Last weekend, CZ started complaining about SBF’s lobbying tactics and then used Binance’s power in the market to destroy its competitors.

Whoa, so how exactly did CZ do it?

The two of them used to be friends, you see, and this included CZ investing in SBF’s new crypto exchange. Over time, CZ decided he didn’t want to own it anymore, and when he sold his stake in FTX, he paid with a cryptocurrency token called FTT. Those tokens are used by customers on the FTX exchange to receive trading discounts, but, unlike Bitcoin, do not have special liquidity.

In retrospect, this was a stupid arrangement by SBF as it resulted in CZ owning a large amount of FTT tokens, thus giving him power over FTX. As if Pepsi gave Coca-Cola a large amount of stock that Coke can sell off anytime it wants. And that’s what happened: CZ got mad at SBF and flooded the market with loads of FTT tokens.

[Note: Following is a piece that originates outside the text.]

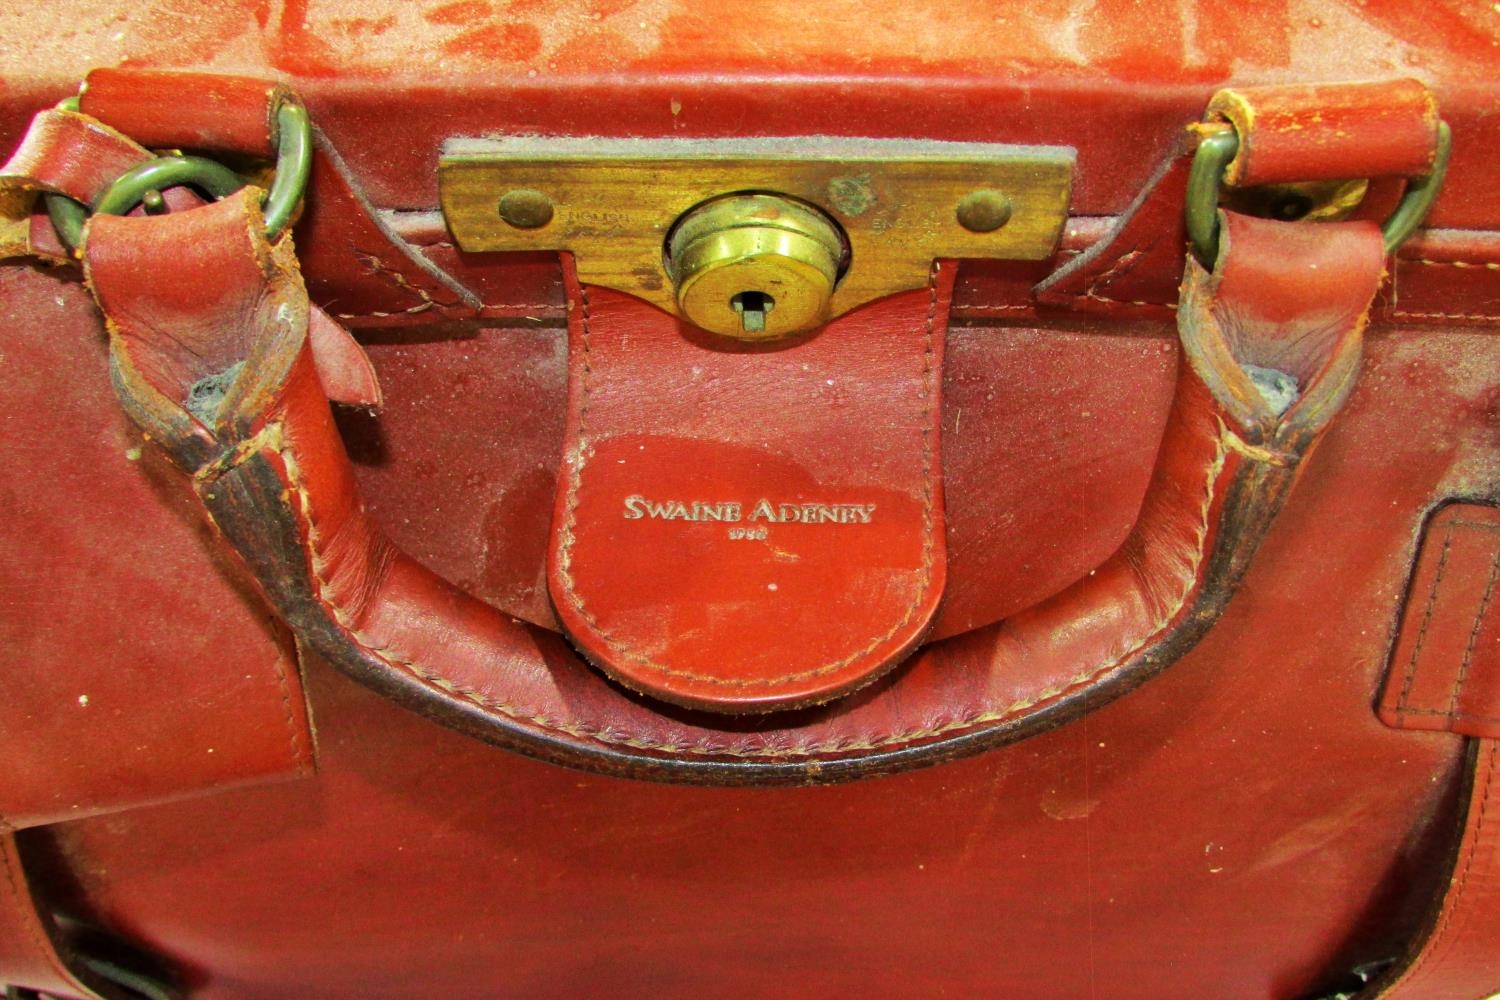 A Vintage Swain Adeney brown leather Gladstone bag, with decent stitching and fastenings - Image 3 of 3

This sucks because SBF also owns an exchange-traded fund that has a lot of FTT tokens on its balance sheet. When the price of the FTT token started to drop, the SBF tried to protect its value by selling other assets to buy the FTT tokens that were flooding the market — but it didn’t work and when the price did As the value of the FTT increased, the SBF discovered that his debts were beginning to exceed his assets. By Tuesday, his companies were facing default, and he had to turn to rivals to get them off the hook.

This is crazy. Why would CZ do such a thing?

It’s likely that CZ did this in part because he wanted to take down a rising opponent. But part of it is personal. In recent months, regulators have been aggressive towards the crypto industry, and both Binance and FTX are trying to stay on their toes. Amidst all this, CZ believes that SBF is whispering poison in the ears of US regulators– apparently hinted to them that CZ had ties to China – and so CZ chose to take revenge.

“We’ve been supportive before, but we won’t pretend to love each other after the divorce. We are not against anyone. But we will not support those lobbying against other industry players behind their backs,” CZ wrote in a fateful tweet on Sunday. Two days later, he destroyed his rival’s company.

So does Binance now own FTX?

At least not yet. All CZ has said is that Binance signed a “letter of intent” to buy back FTX, which means it could happen, but there are no guarantees. Meanwhile, CZ and SBF have indicated that Binance will take care of FTX customers and ensure their funds are not wiped out.

Who to blame?

Well, you could say it’s CZ’s fault because he didn’t use his power on FTX to destroy it. But people are also pointing the finger at SBF for not being transparent about the complete overlap between FTX and his trading company, which owns tons of FTTs. If he had been transparent, people could have raised the alarm about this vulnerability earlier and perhaps FTX could have prevented this mess.

Others also made a more serious allegation: SBF may have used client funds to plug holes in the balance sheets of one or both of his companies. That’s what happened in the case of several other crypto companies that went bust this spring and that’s a very bad thing. But to be clear, these are just allegations and there is no evidence SBF did this.

Okay, but why is this such a big deal? Doesn’t something like this happen in crypto all the time?

Yes, cryptocurrencies have a well-deserved reputation for the scoundrels and the operators who play fast and loose. But this episode stands out because FTX is the second largest company in the crypto space and because SBF is widely considered to be Golden Boy industry, who will help it side with regulators. Too much for it.

So what does this mean for crypto prices?

In short, that’s not good news. The price tumbled on rumors that FTX was struggling but then briefly recovered when Binance announced the rescue, but crashed again on Tuesday.

These events have brought down the price of FTT and a token called Solana is linked to SBF. When there is a massive sell-off for a major token, it usually has an impact on the rest of the market, and that seems to be happening. Bitcoin is down about 10% and Ethereum is down 15%, which is bad but not terrible for the two largest coins by market capitalization.